Top of PROVIDED MATERIAL
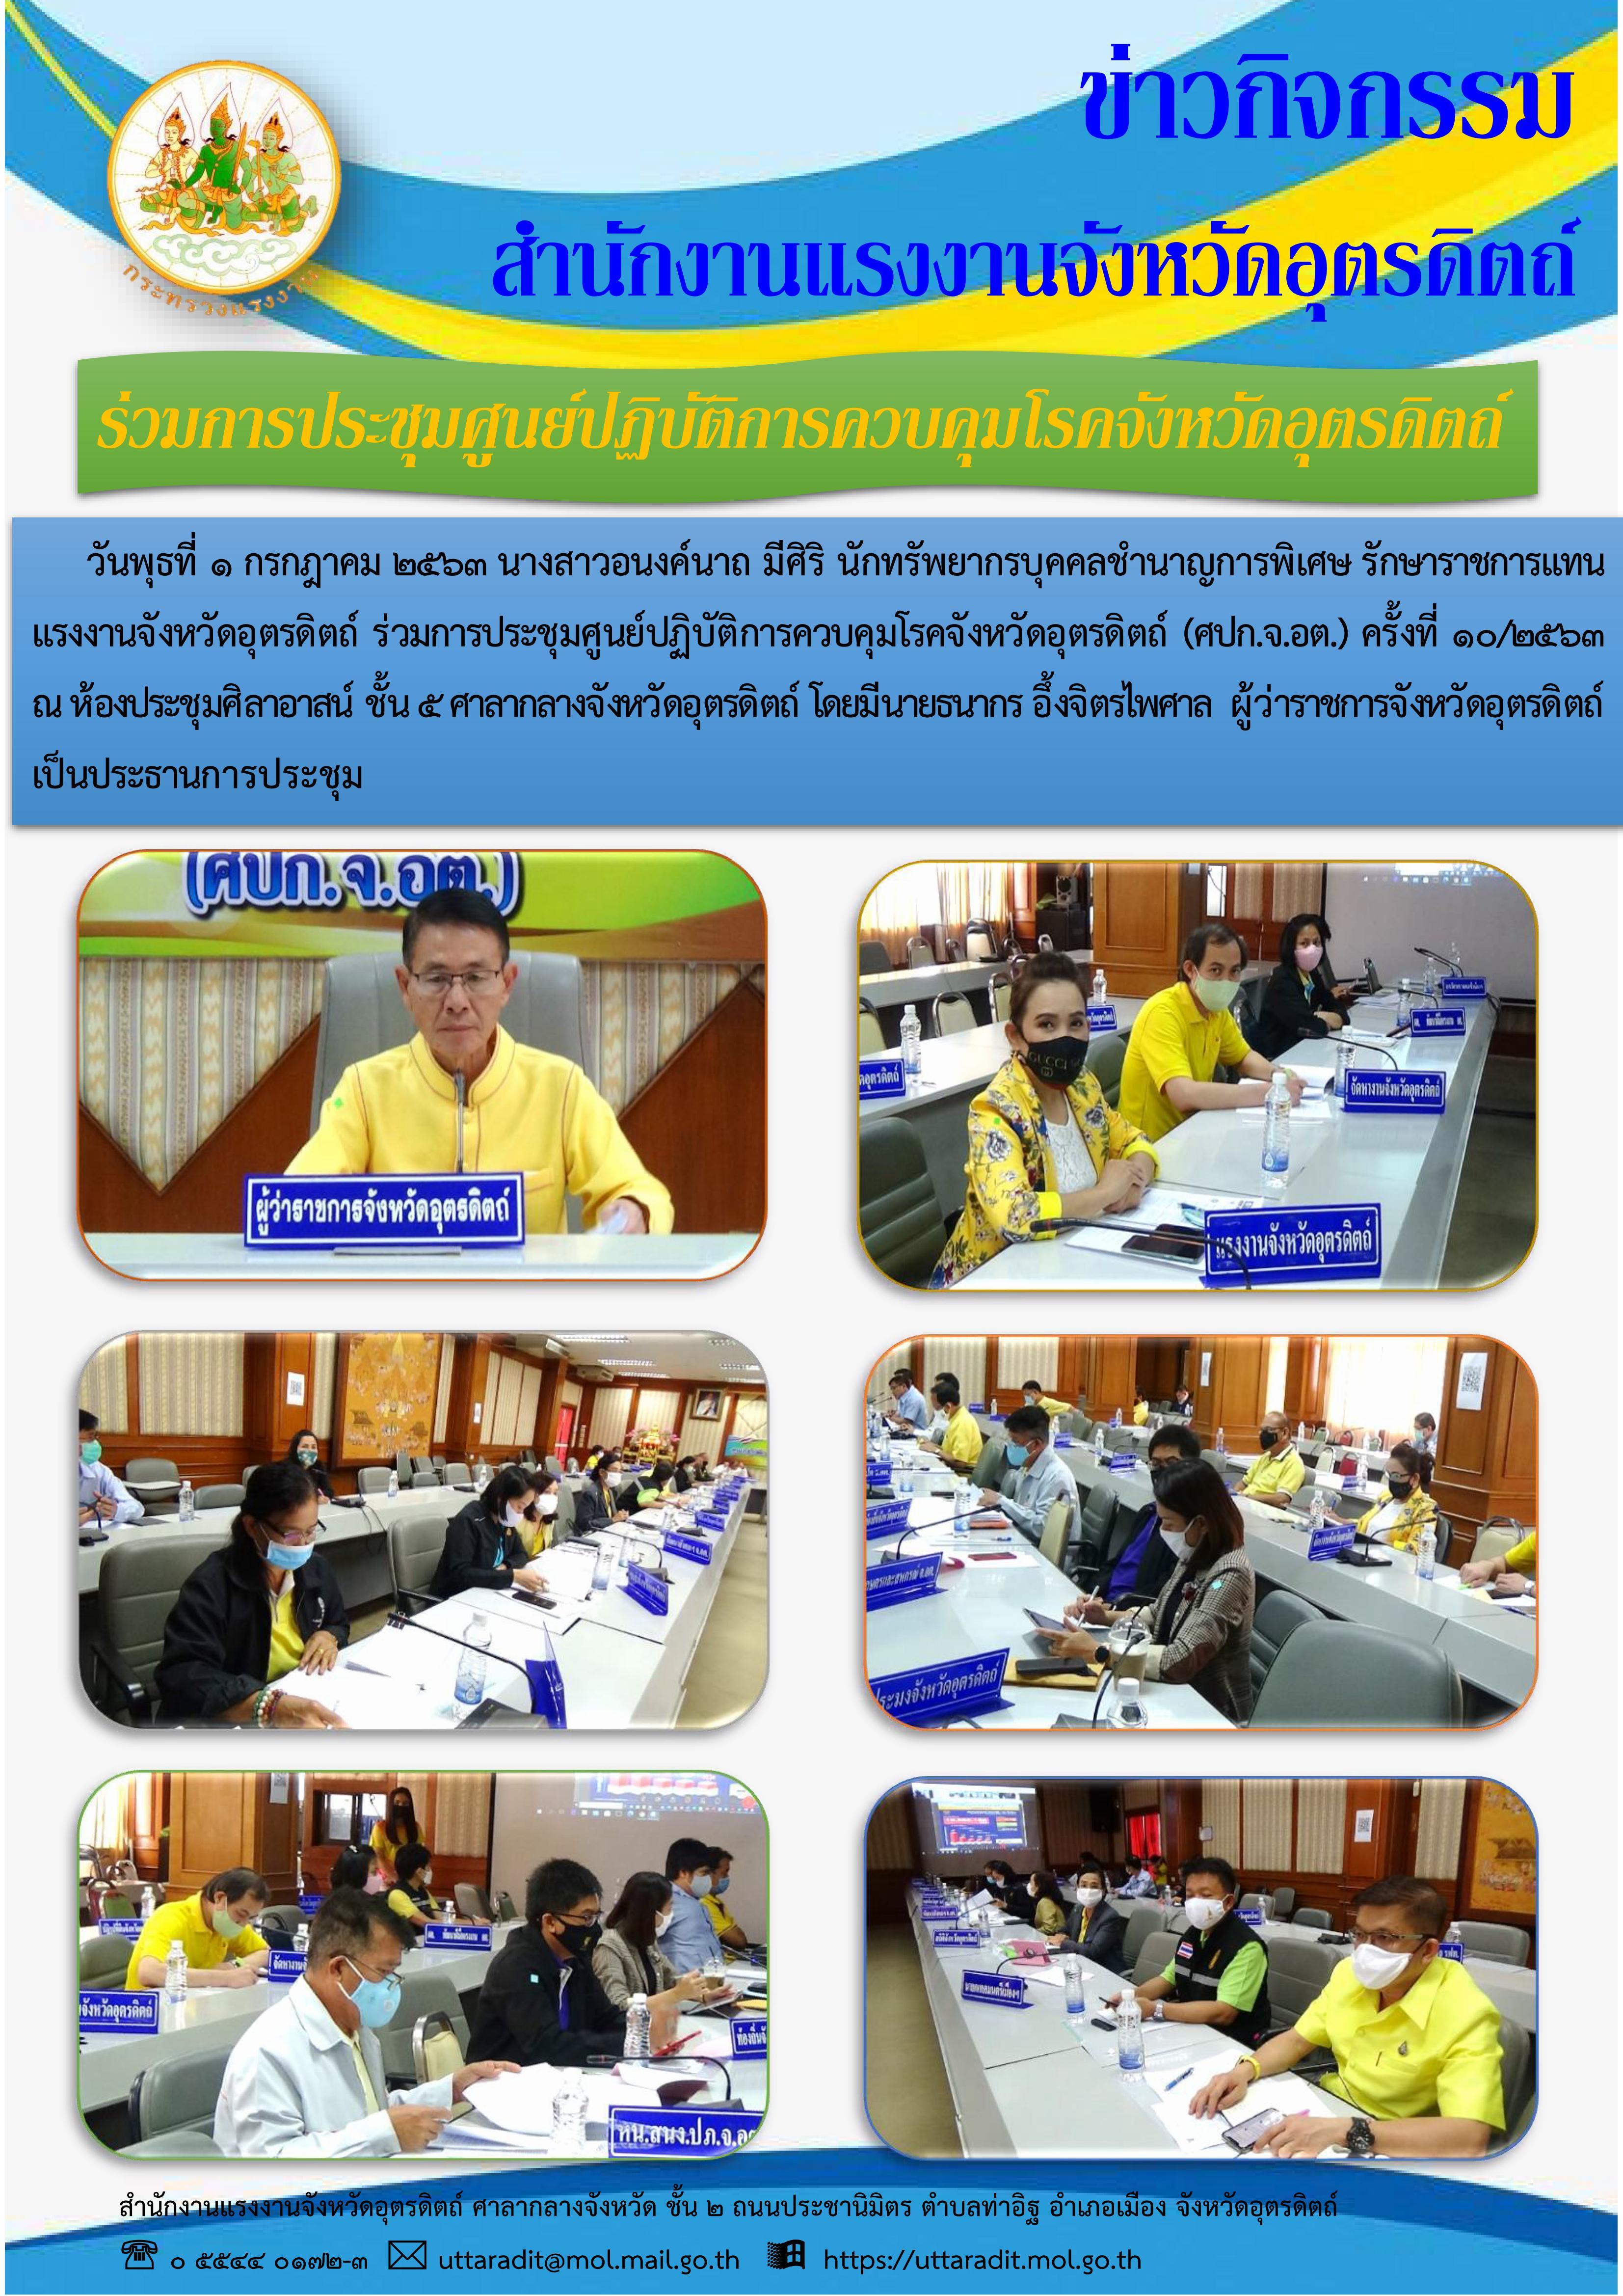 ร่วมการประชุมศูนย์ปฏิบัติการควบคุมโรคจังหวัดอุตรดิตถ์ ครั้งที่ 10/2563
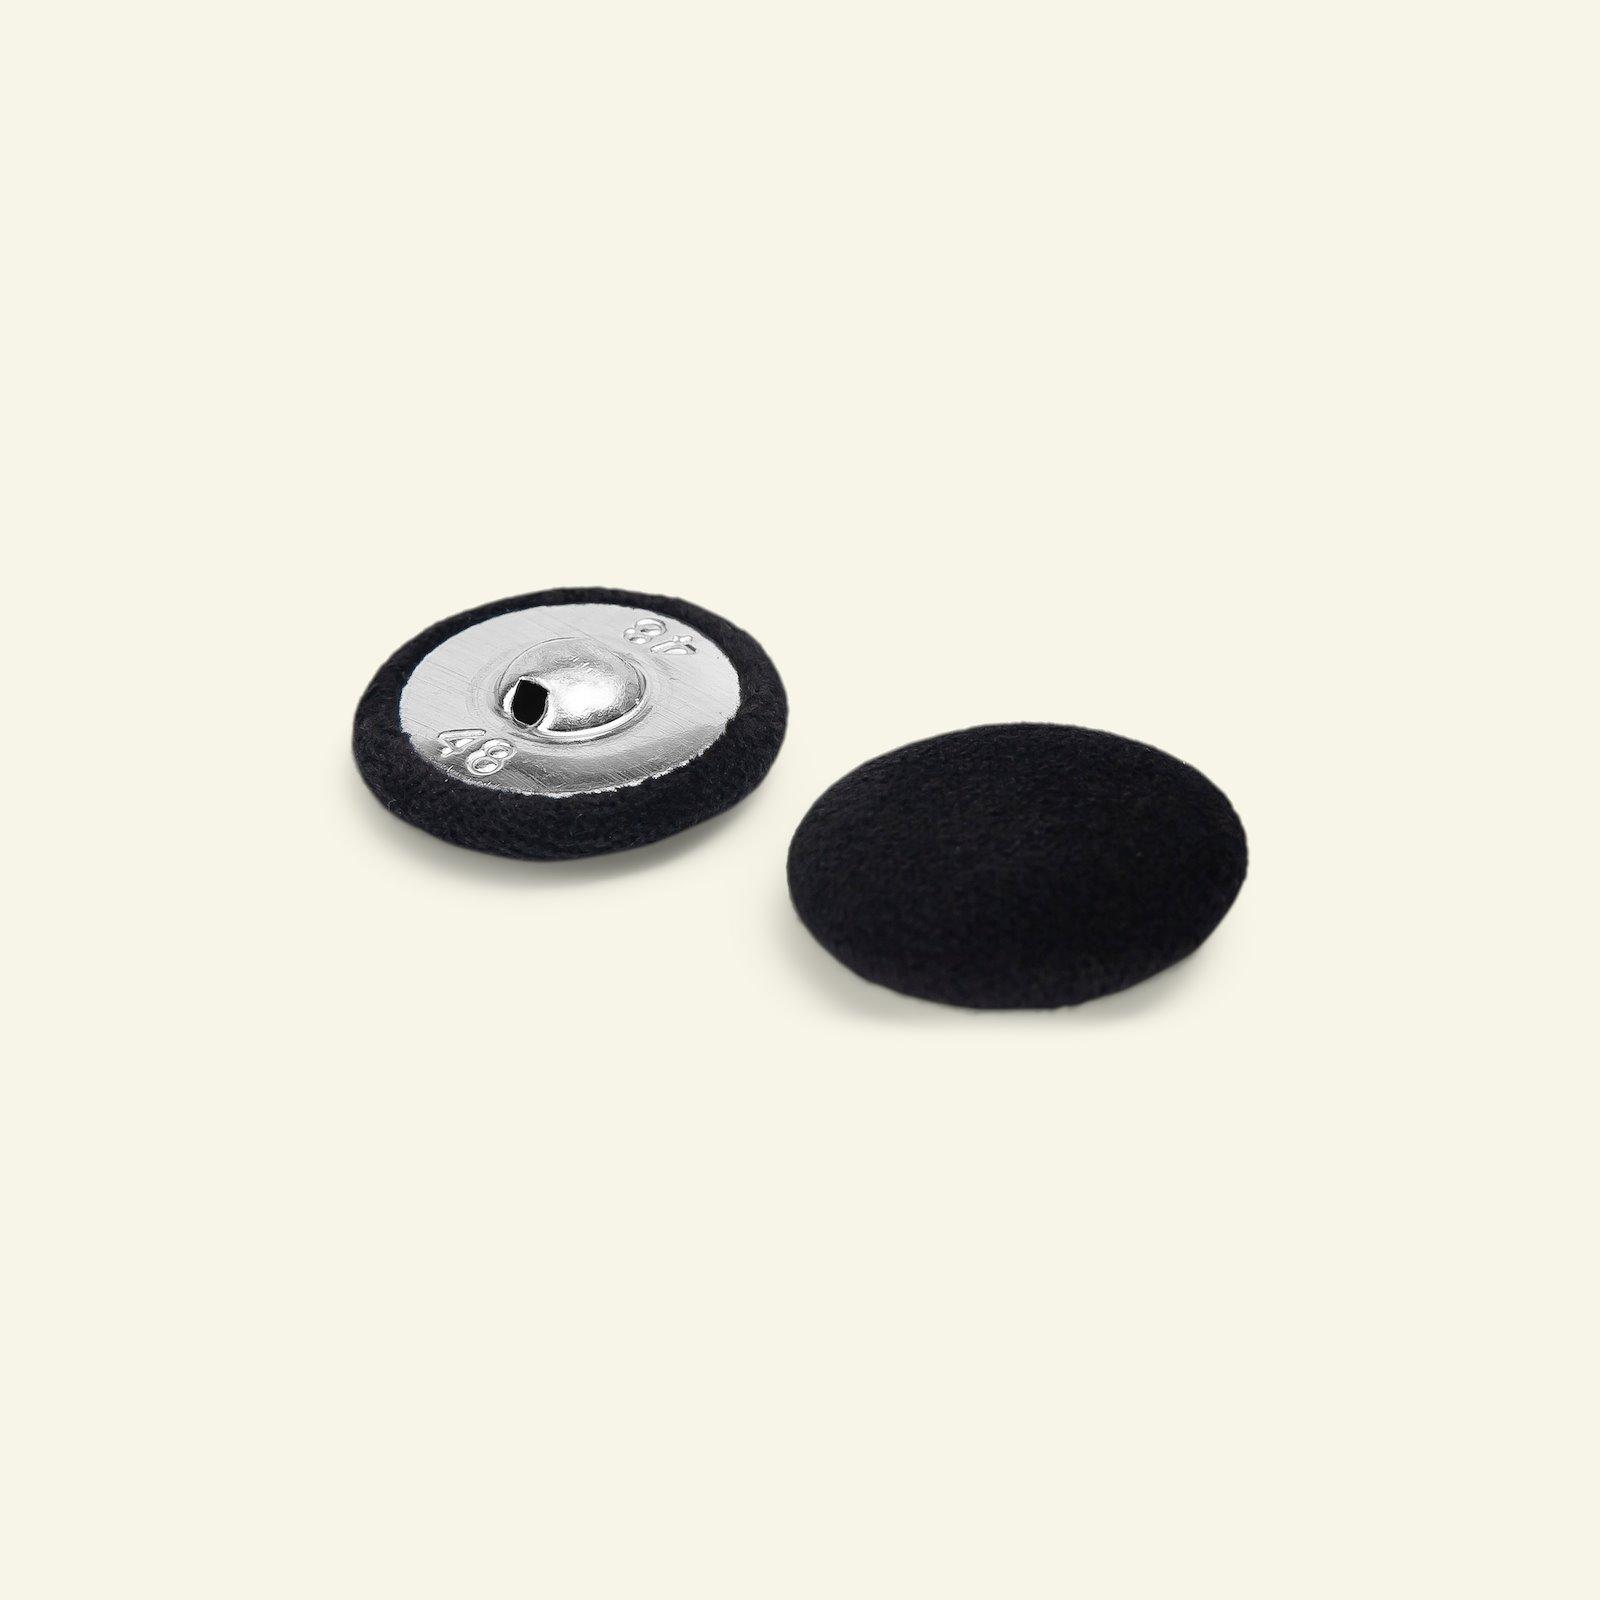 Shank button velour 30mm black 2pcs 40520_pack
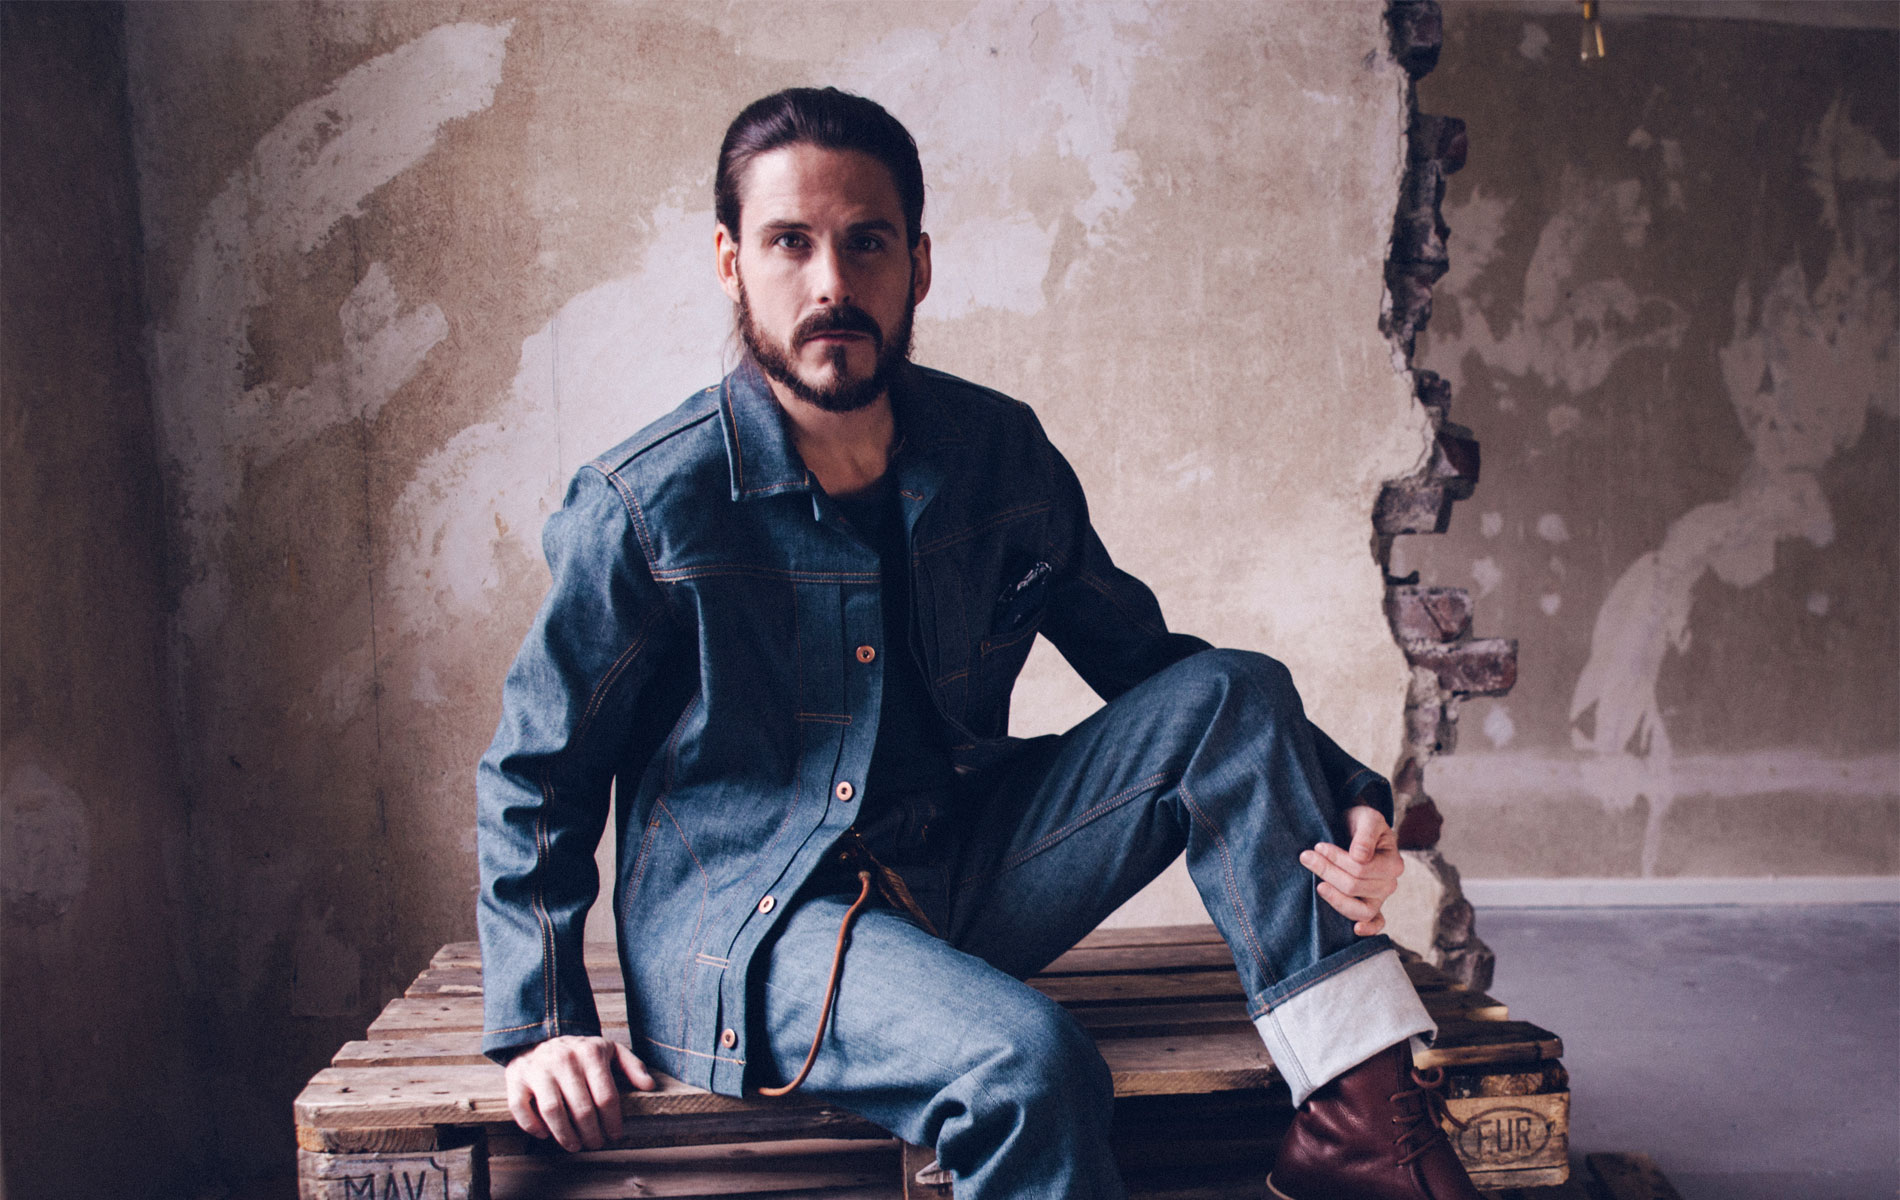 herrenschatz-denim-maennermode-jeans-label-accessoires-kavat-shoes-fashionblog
Bottom of PROVIDED MATERIAL
REQUIRED ACTION - Your answer must contain the full data, repeated exactly, without pictures.

RESULT FOR THIS EXERCISE -
 ร่วมการประชุมศูนย์ปฏิบัติการควบคุมโรคจังหวัดอุตรดิตถ์ ครั้งที่ 10/2563
 Shank button velour 30mm black 2pcs 40520_pack
 herrenschatz-denim-maennermode-jeans-label-accessoires-kavat-shoes-fashionblog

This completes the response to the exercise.